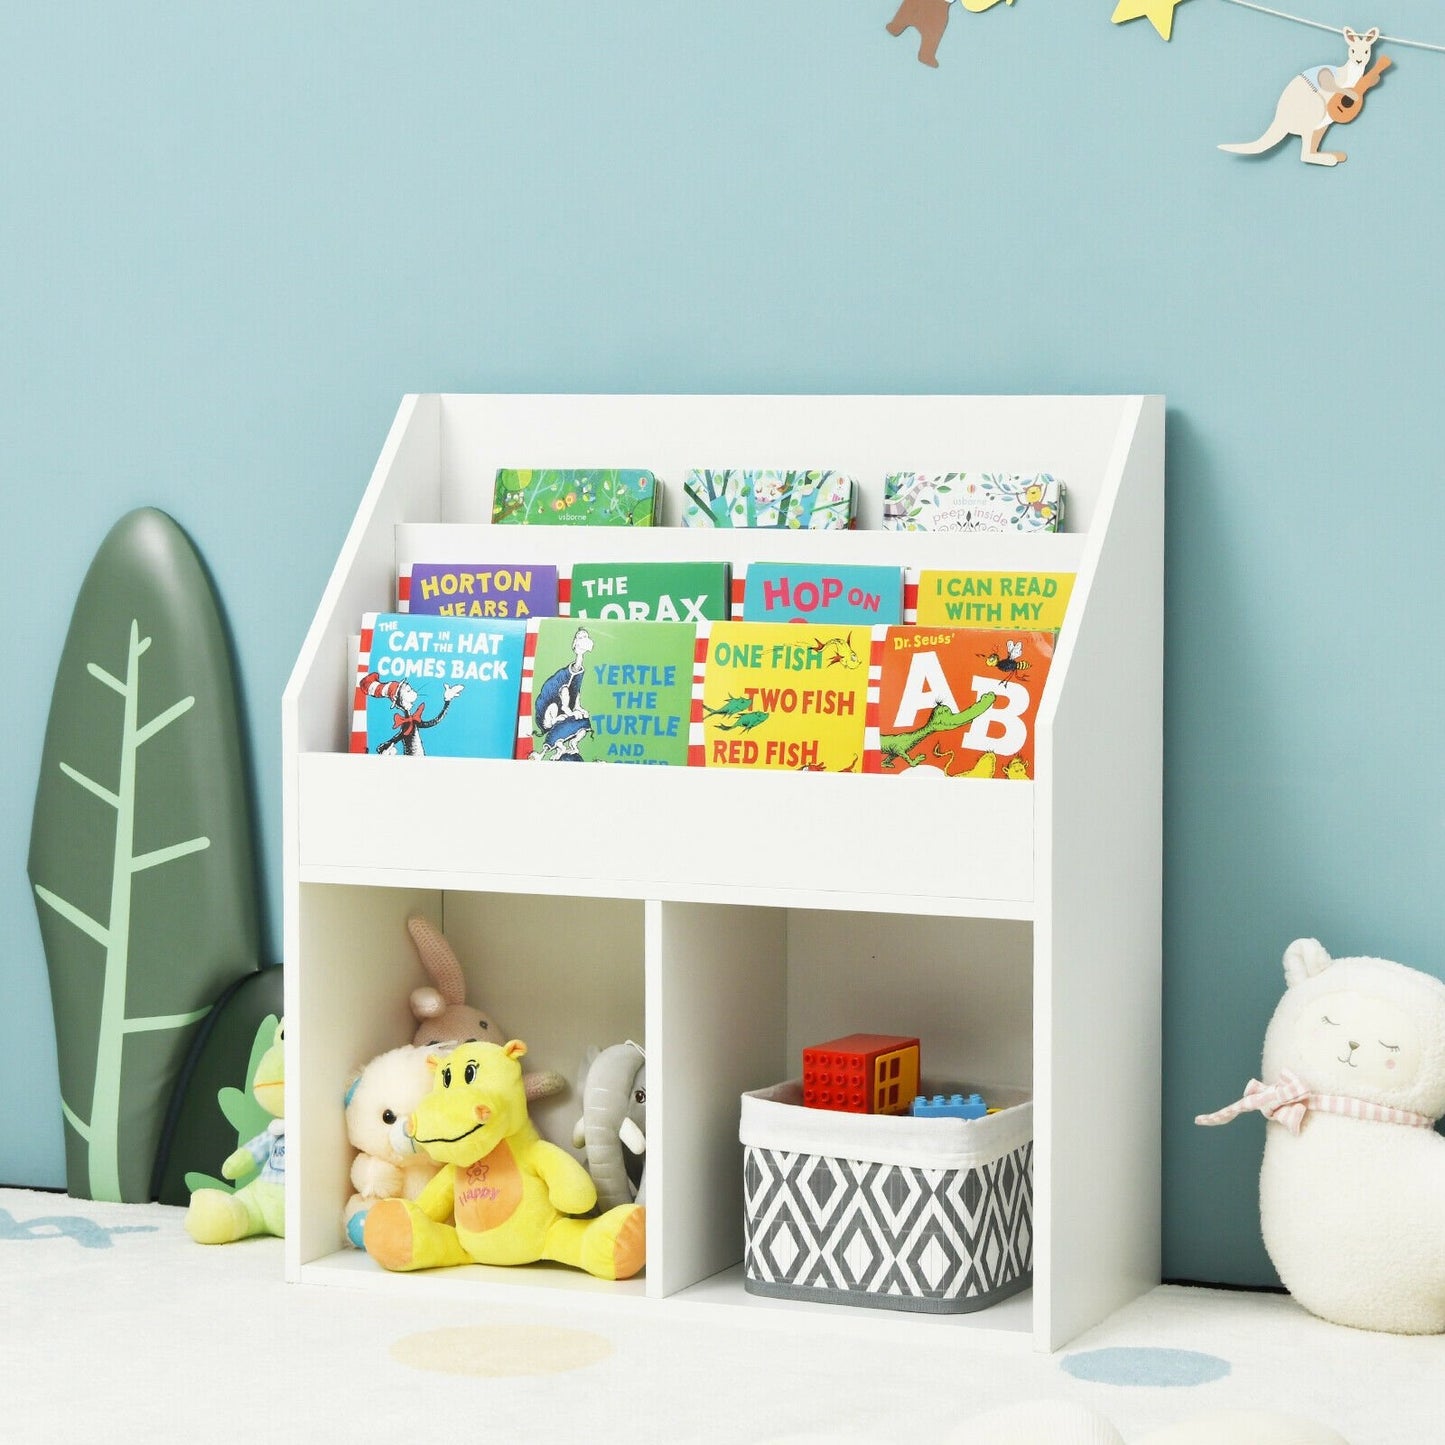 Kids Wooden Bookshelf Bookcase Children Toy Storage Cabinet Organizer White, White - Gallery Canada
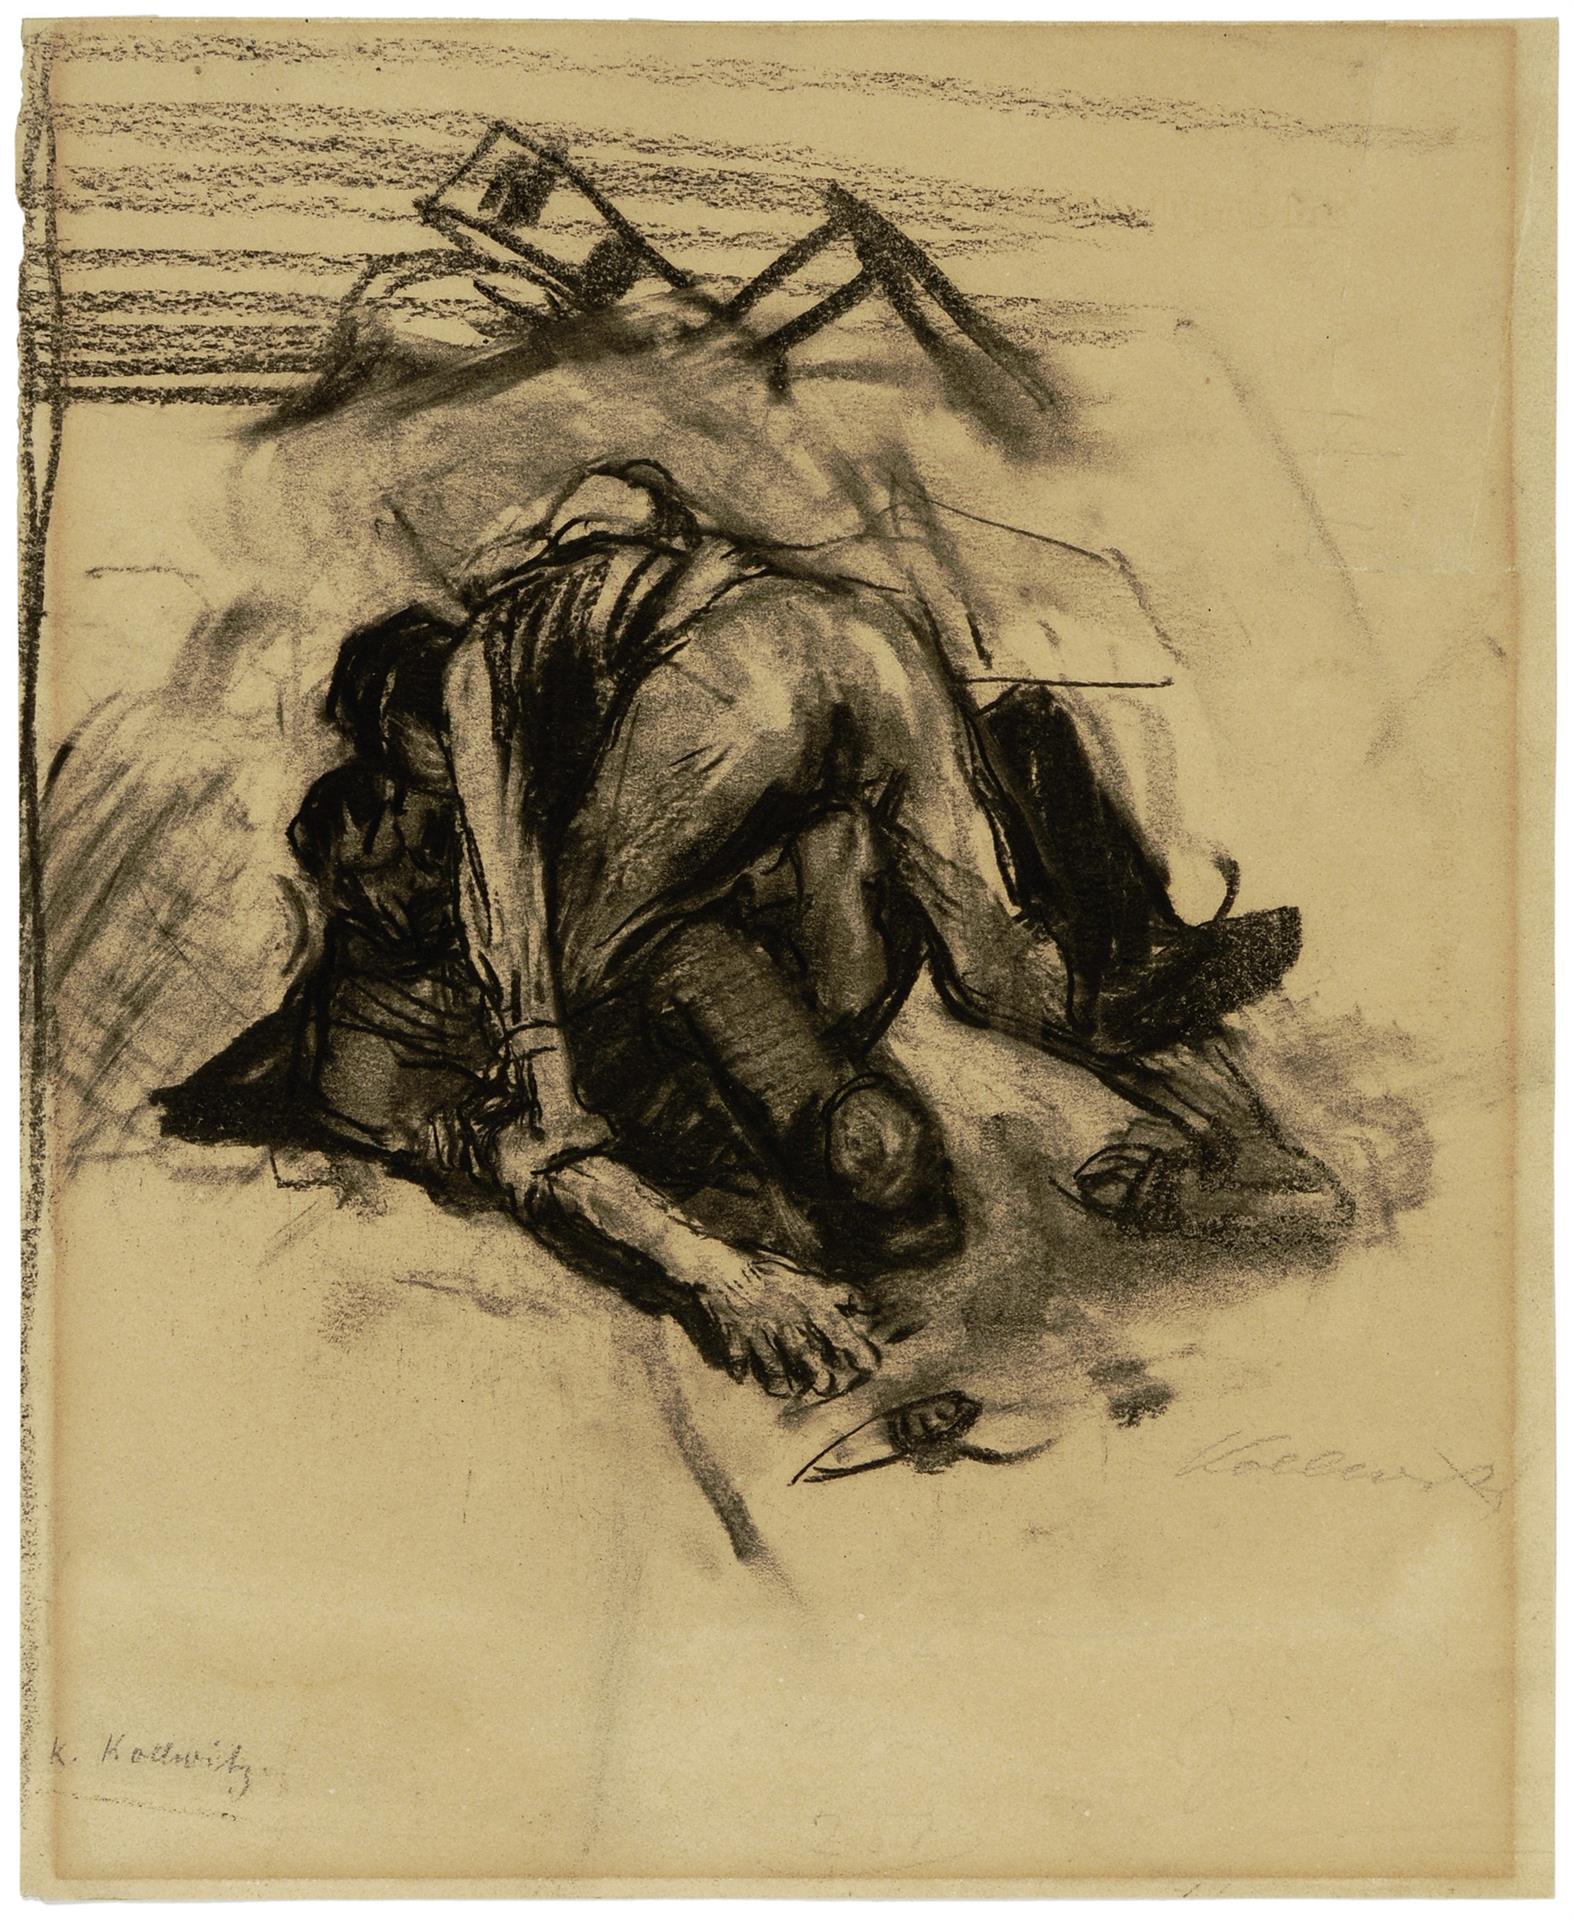 Käthe Kollwitz, Detailstudie zu Szene aus Germinal, 1892/93, Kohlezeichnung, NT (82a)
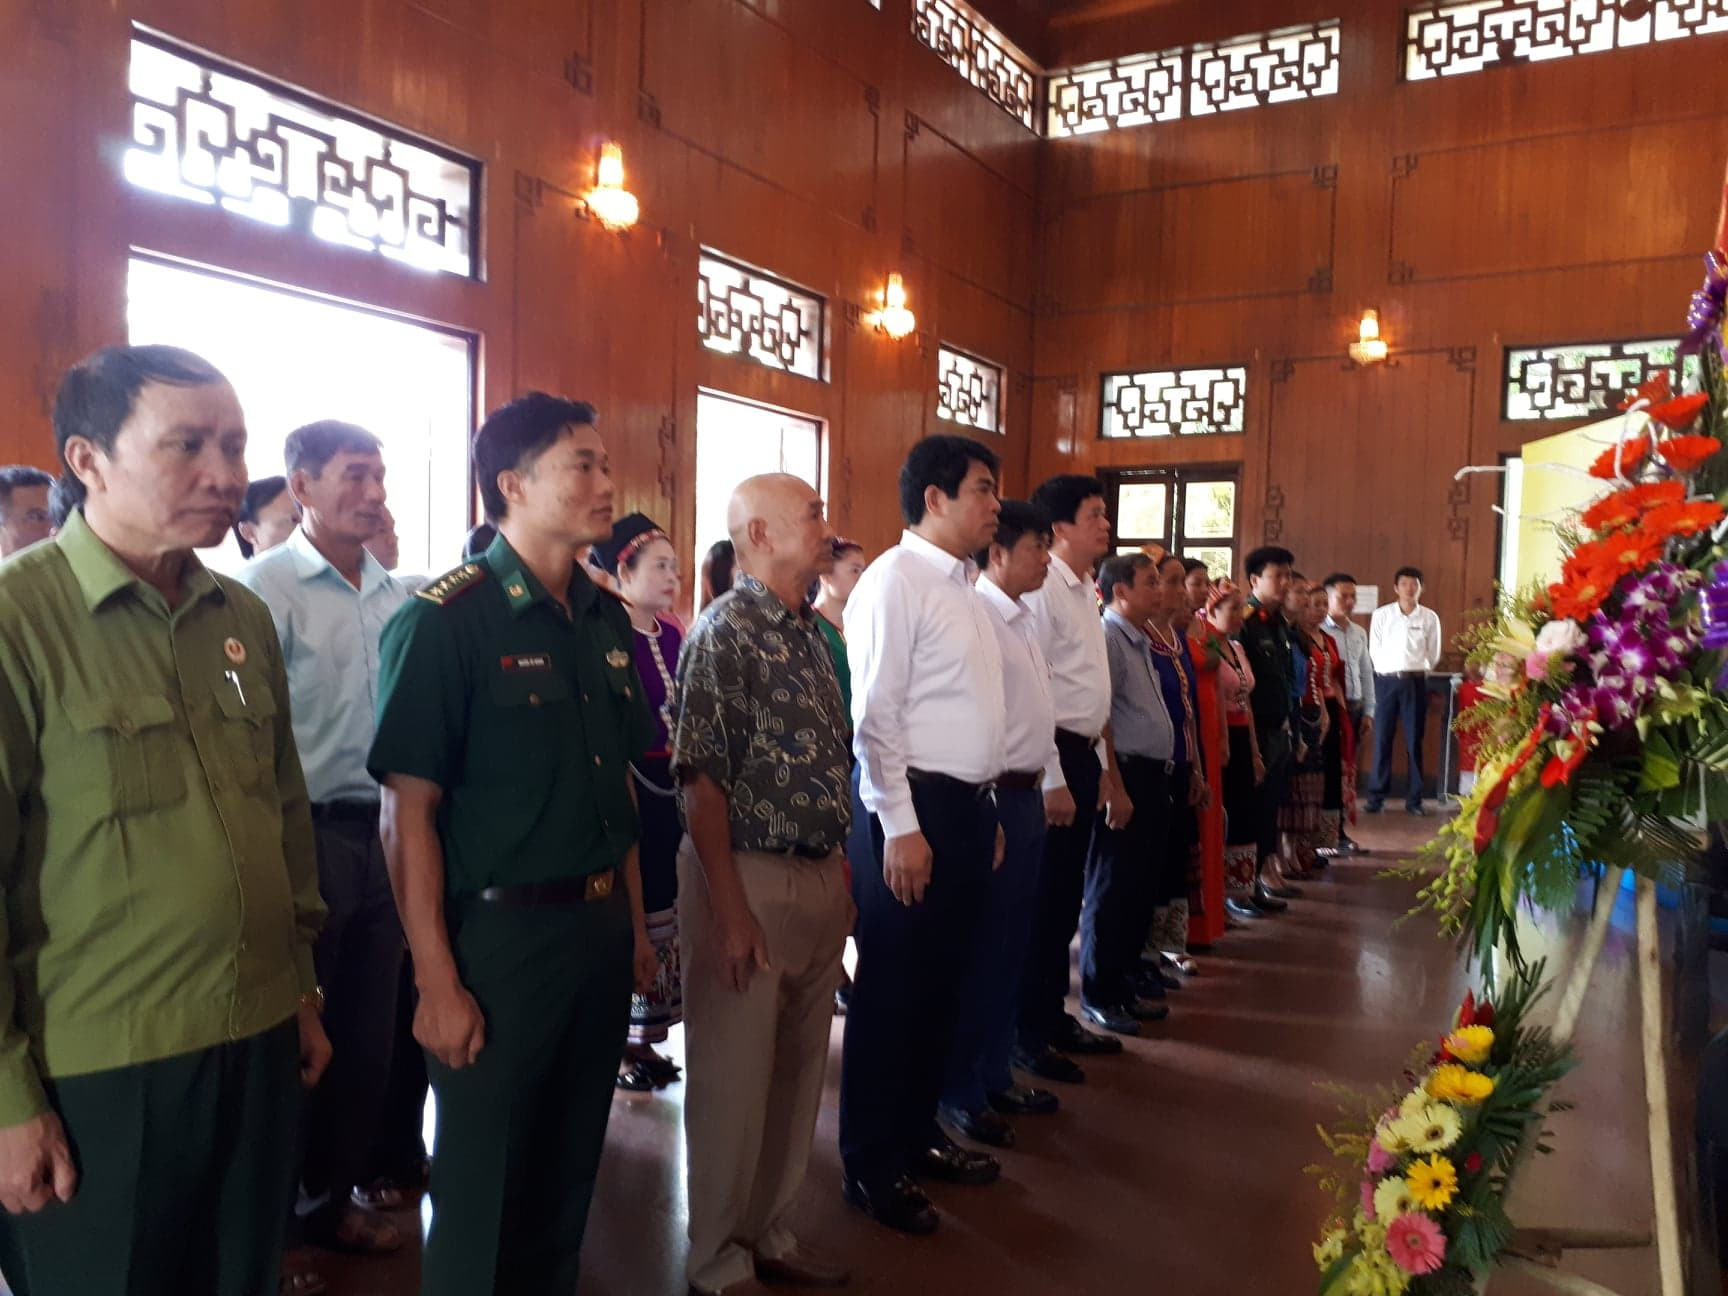 bna_anh 1 đoàn công tác của huyện Con Cuông báo công với bác tại nhà tưởn niệm Bác Hồ, Kim Liên Nam Đàn
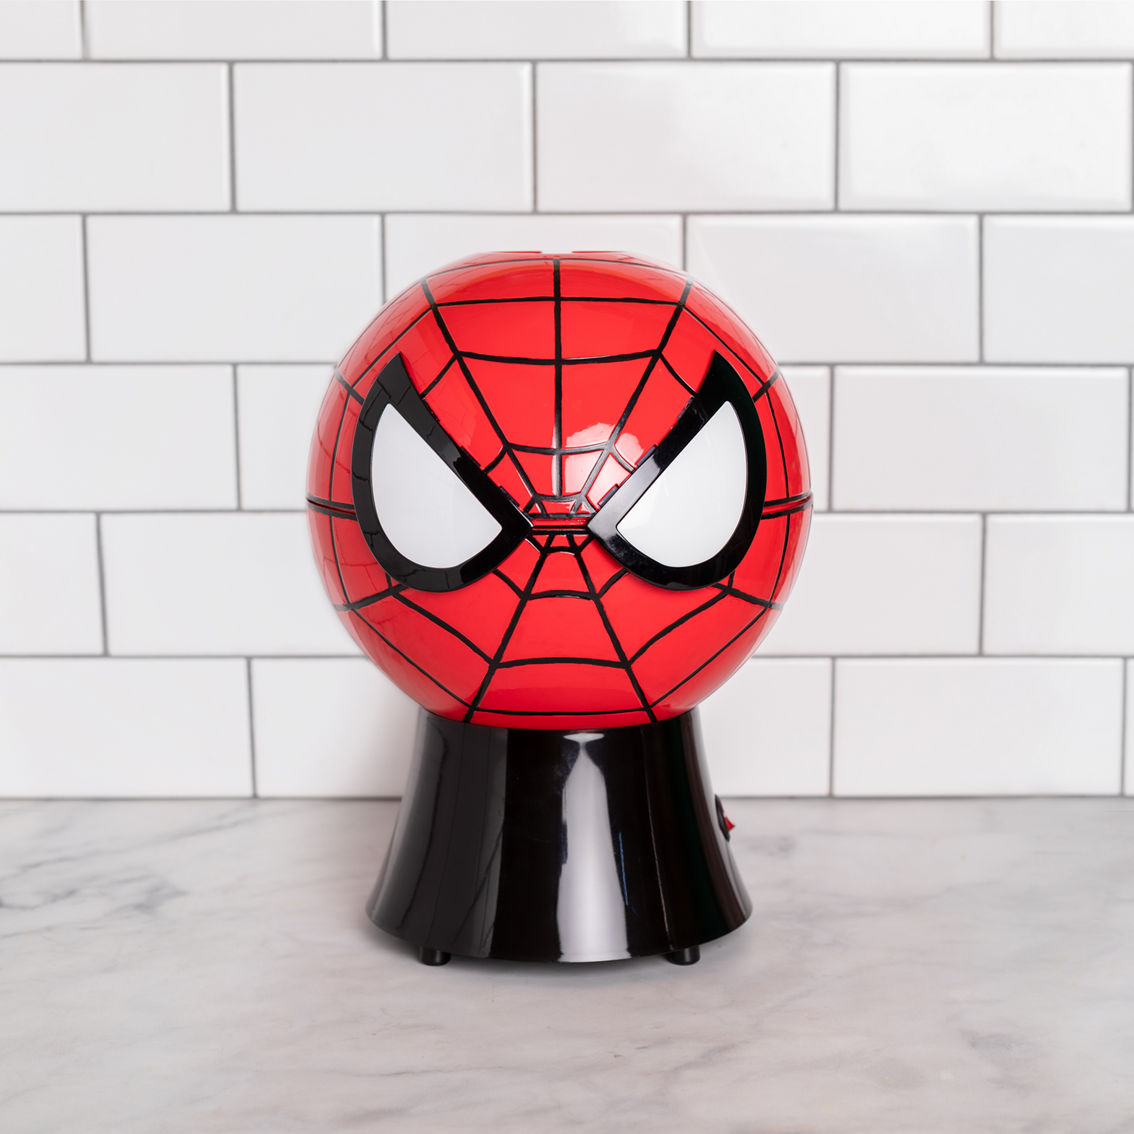 Uncanny Brands Marvel Spider-Man Popcorn Maker - Image 4 of 9

___

● **ACTION ITEM**
What you return should match the material line for line, with the images removed.

● **RESULT BELOW**
 Kids Wooden Bookshelf Bookcase Children Toy Storage Cabinet Organizer White, White - Gallery Canada
 Käthe Kollwitz, Detailstudie zu Szene aus Germinal, 1892/93, Kohlezeichnung, NT (82a)
 bna_anh 1 đoàn công tác của huyện Con Cuông báo công với bác tại nhà tưởn niệm Bác Hồ, Kim Liên Nam Đàn
 Uncanny Brands Marvel Spider-Man Popcorn Maker - Image 4 of 9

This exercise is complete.